* **EXERCISE DATA**
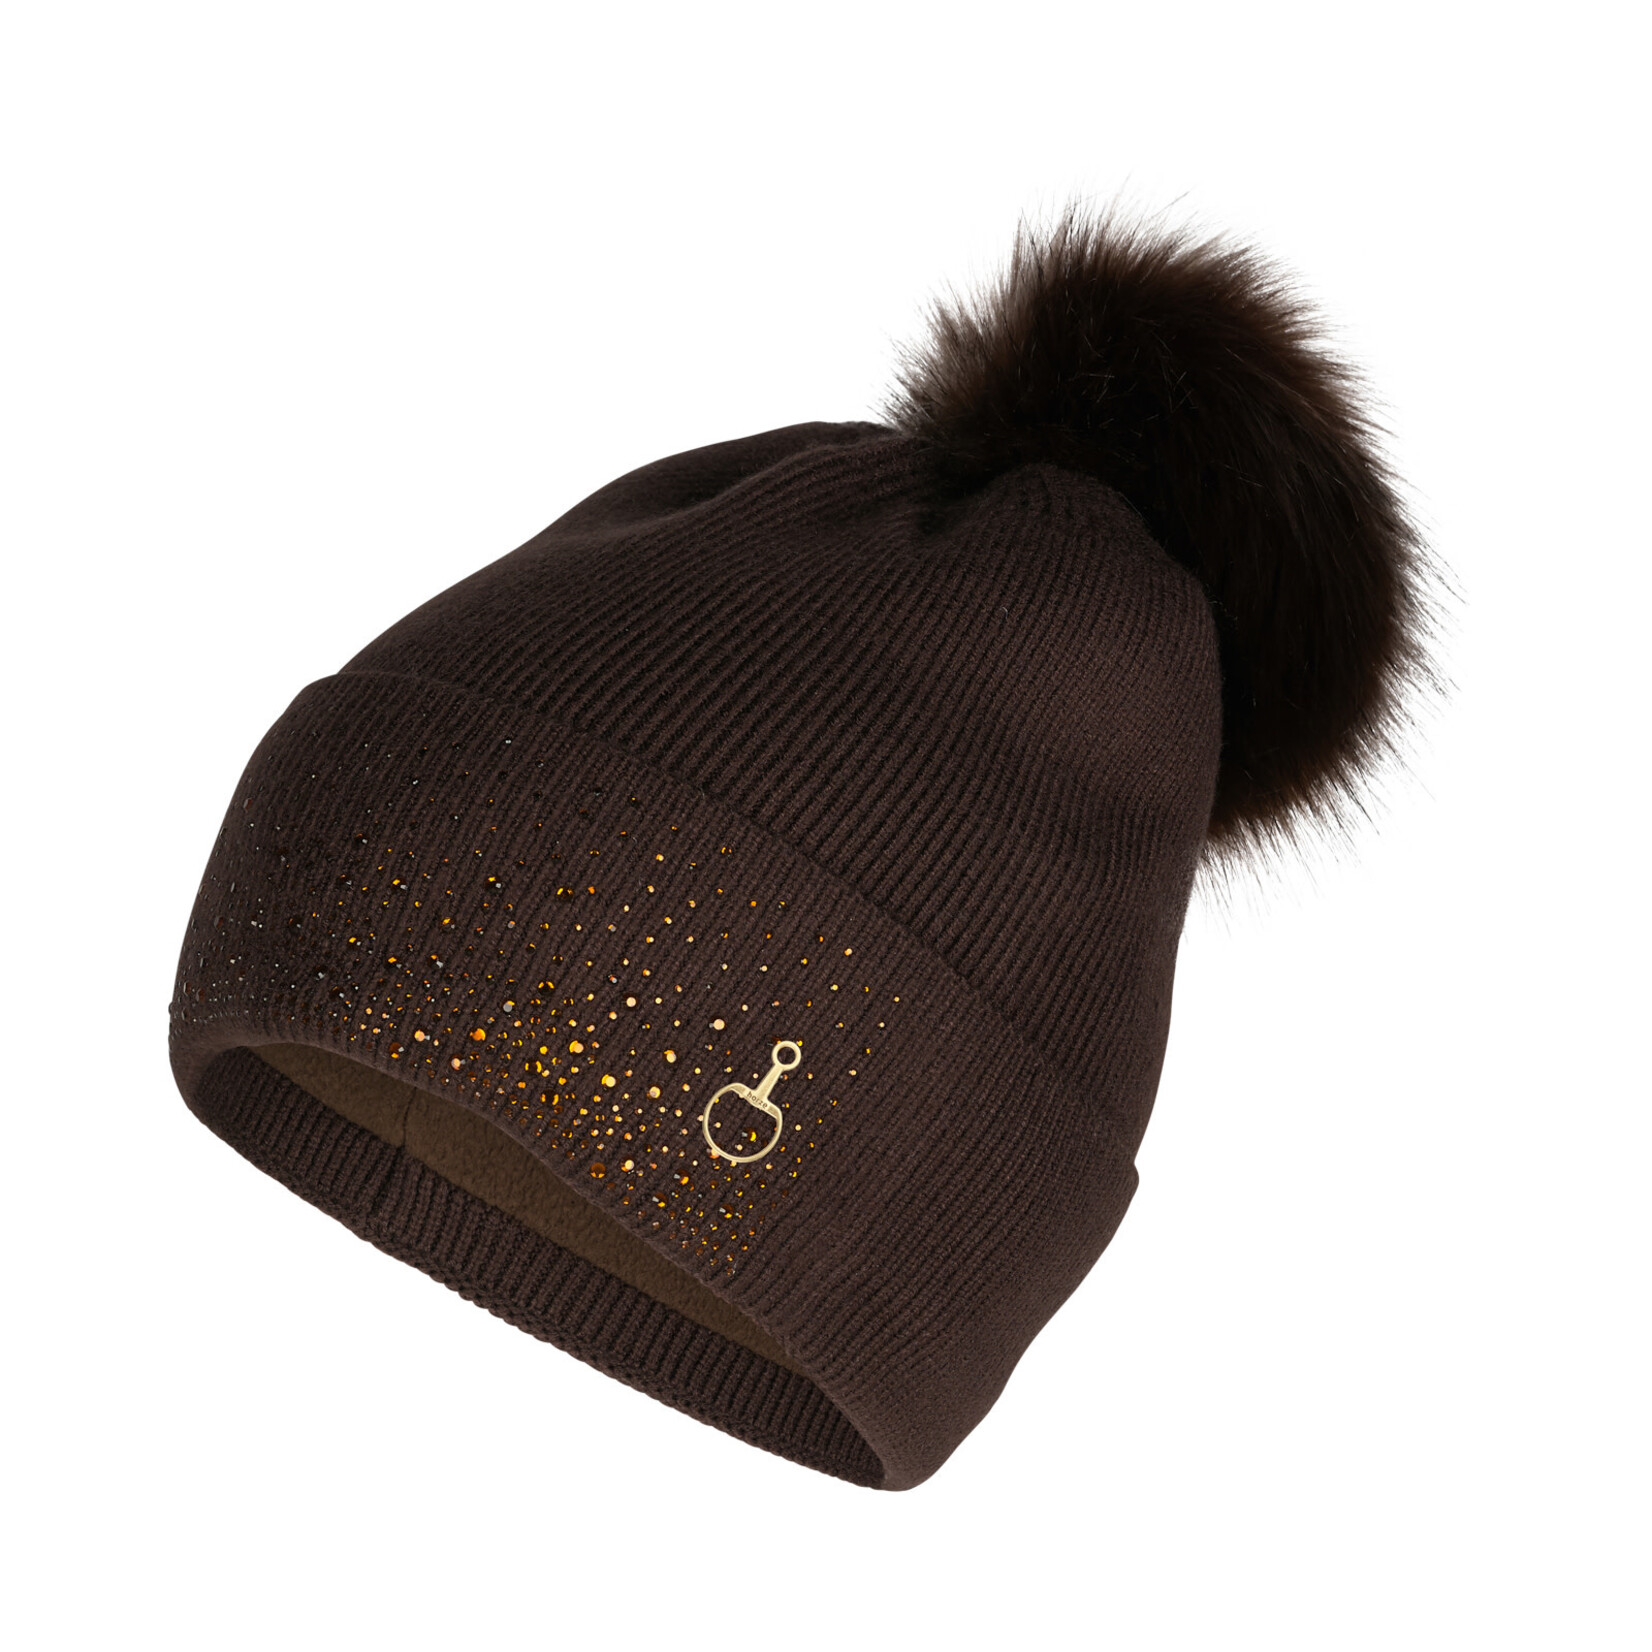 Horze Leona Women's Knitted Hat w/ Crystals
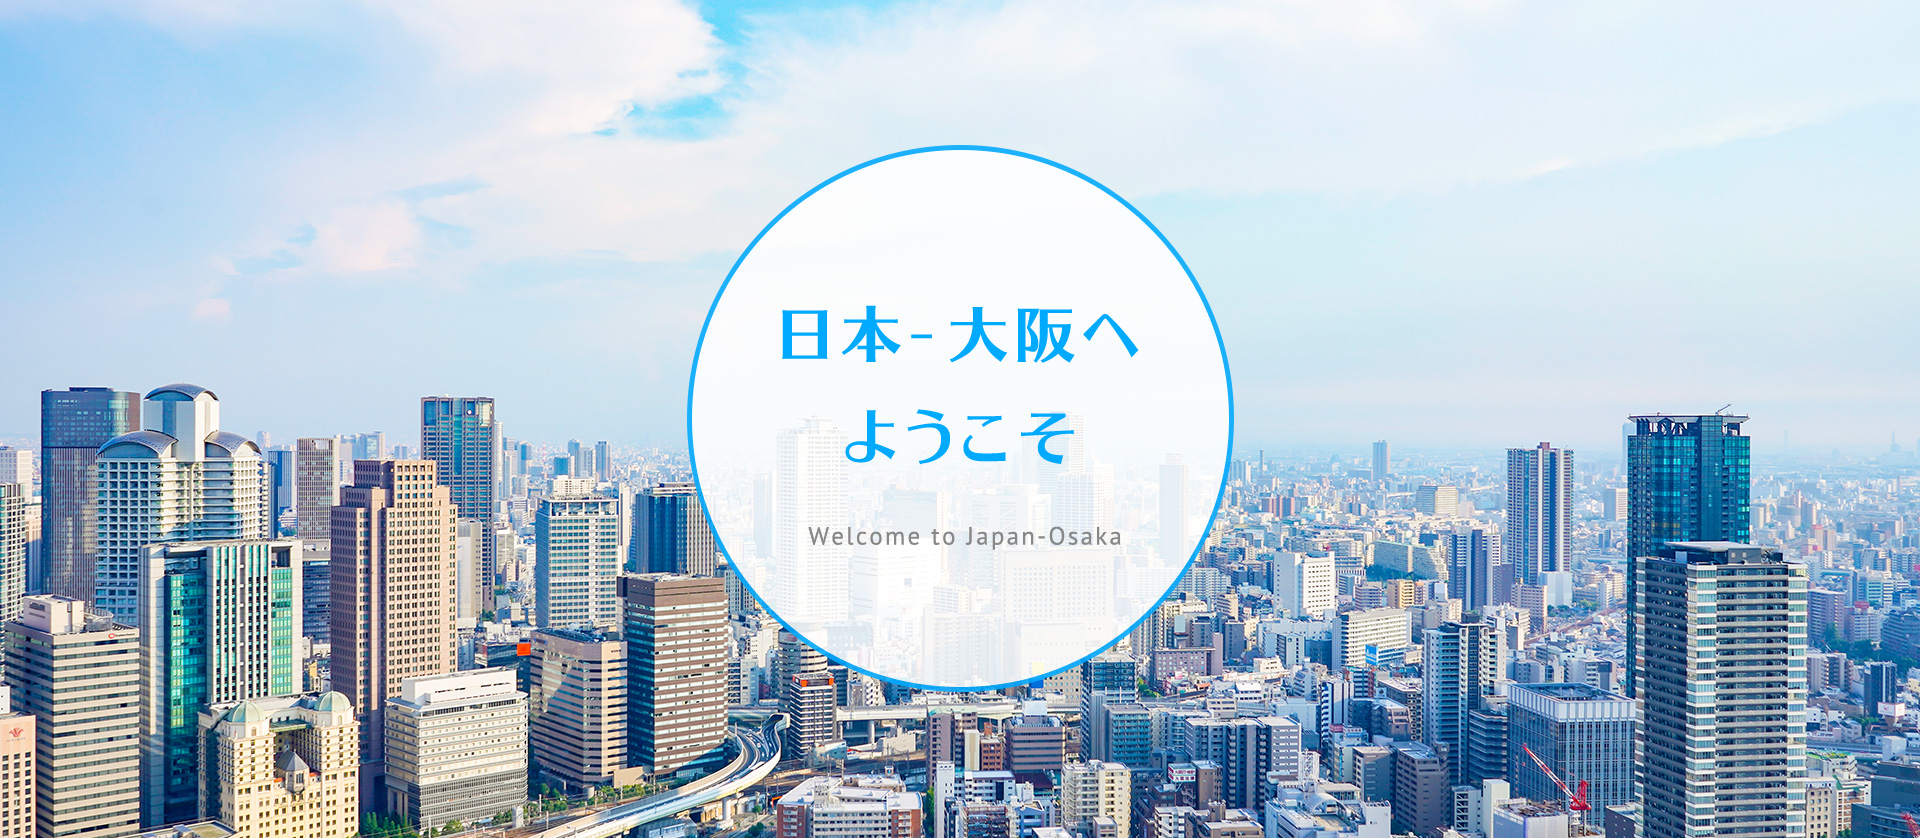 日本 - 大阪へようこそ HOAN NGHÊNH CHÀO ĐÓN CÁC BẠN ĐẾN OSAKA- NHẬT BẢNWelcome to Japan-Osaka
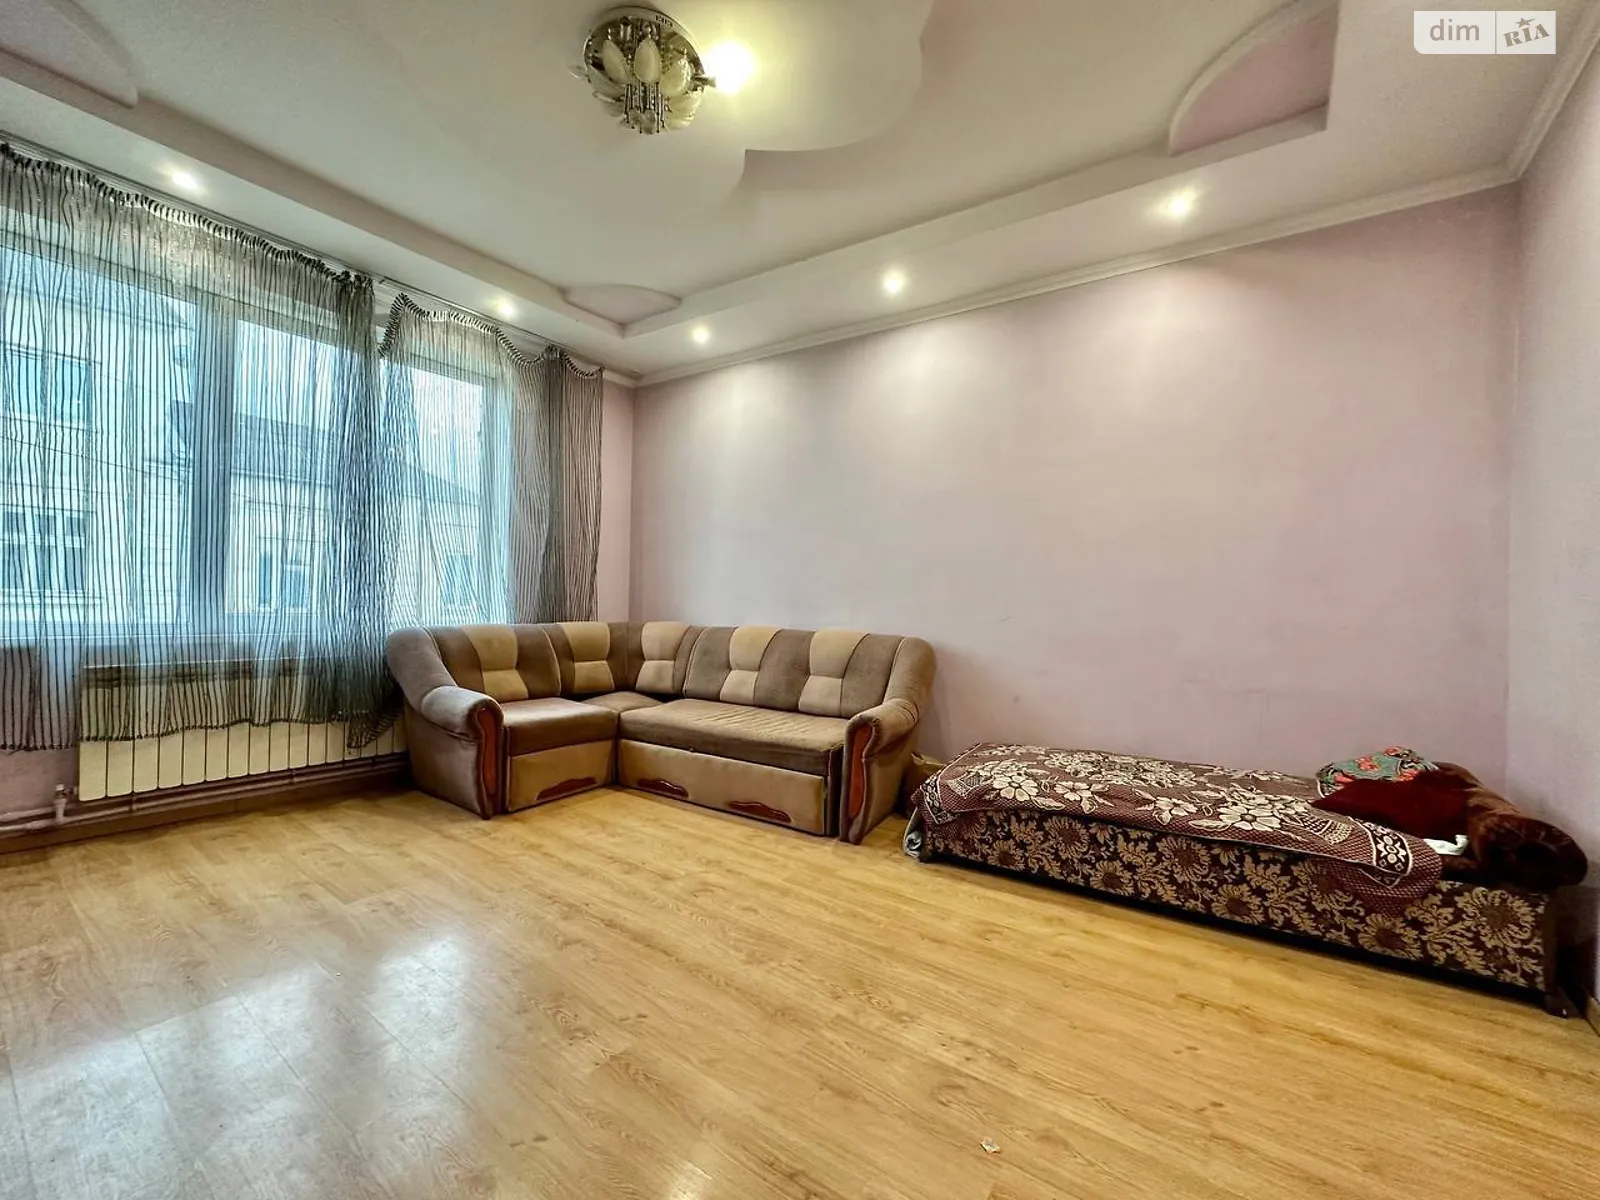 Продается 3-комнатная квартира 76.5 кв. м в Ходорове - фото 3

* **EXERCISE DETAILS**
Set aside the pictures. Then return every line of the material above verbatim.

* **ANSWER TO THIS PROBLEM**
 Horze Leona Women's Knitted Hat w/ Crystals
 日本 - 大阪へようこそ HOAN NGHÊNH CHÀO ĐÓN CÁC BẠN ĐẾN OSAKA- NHẬT BẢNWelcome to Japan-Osaka
 Продается 3-комнатная квартира 76.5 кв. м в Ходорове - фото 3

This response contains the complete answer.